Natalia Capra France
Executives doubt EU stainless market recovery: BIR
A recovery in the European stainless steel market is yet to come. Some analysts forecast a two-digit on-year increase in stainless steel apparent consumption this year, says Bureau of International Recycling (BIR) Stainless Steel & Special Alloys Committee chairman Joost van Kleef, of Oryx Stainless in the Netherlands.
“This year started stronger than expected, supported by a further seasonal uptick in stainless steel demand as well as historically low imports and import penetration levels. European crude stainless production, however, has been impacted by strikes, with one of the larger producers even being affected since February. Despite this, overall mill demand for stainless scrap was robust during the first quarter,” van Kleef states in the latest BIR mirror sent to Kallanish.
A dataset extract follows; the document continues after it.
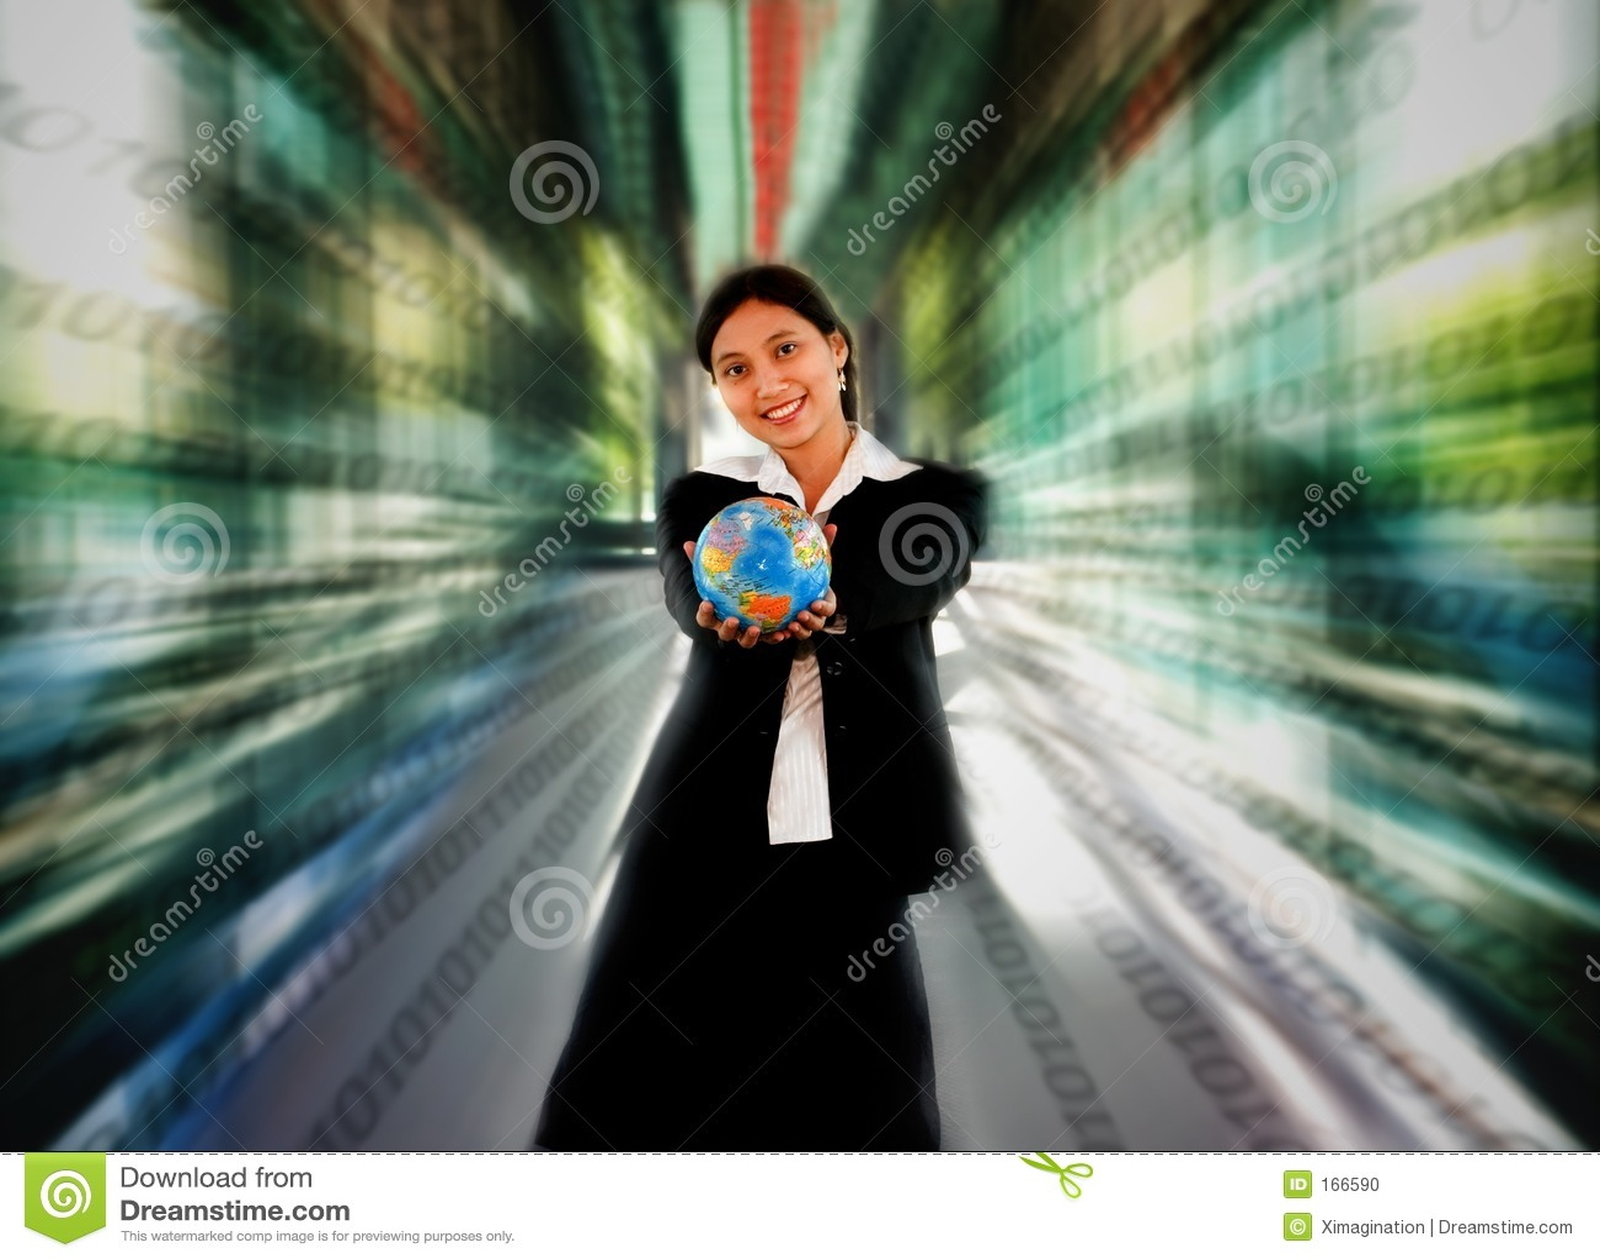 цифровой мир

European scrap availability was tight in Q1. In January-February, the EU recorded an increase of more than 50% in net imports of stainless scrap from third countries when compared to the same period in 2023.
European stainless coil supply reduced considerably in Q1 owing to strikes that have halved finished flat products output, says Ruggero Ricco, chief executive of Italy’s Nichel Leghe. While Outokumpu stopped production for a few weeks, Spain’s Acerinox continues to face worker disputes. This has enabled Aperam and Acciai Speciali Terni (AST) to achieve full order books for the coming months.
“It is not possible to say with certainty whether scrap and coil price increases can continue once all four producers return to normal,” Ricco states. He adds that in June and July, the European market may be flooded by imported finished product from Asia.
There has been a slight uptick so far in Q2 of scrap and coil prices. However, despite scrap sellers’ push for increases, driven by shortages and the recent LME nickel hikes, the value of scrap has not risen by as much as it should have. This is also because of the weakness in long steelmakers’ sales and continuous use of nickel pig iron, Ricco concludes.
Scrap prices for grade 304 and 316 are ticking up in Italy this month but flattening in other EU countries such as France. Demand from long steelmakers in Europe remains weak, a northern European long producer confirms. 304 grade is being sold at between €1,440-1,490/tonne ($1,554-1,608) delivered depending on each EU country, Kallanish notes.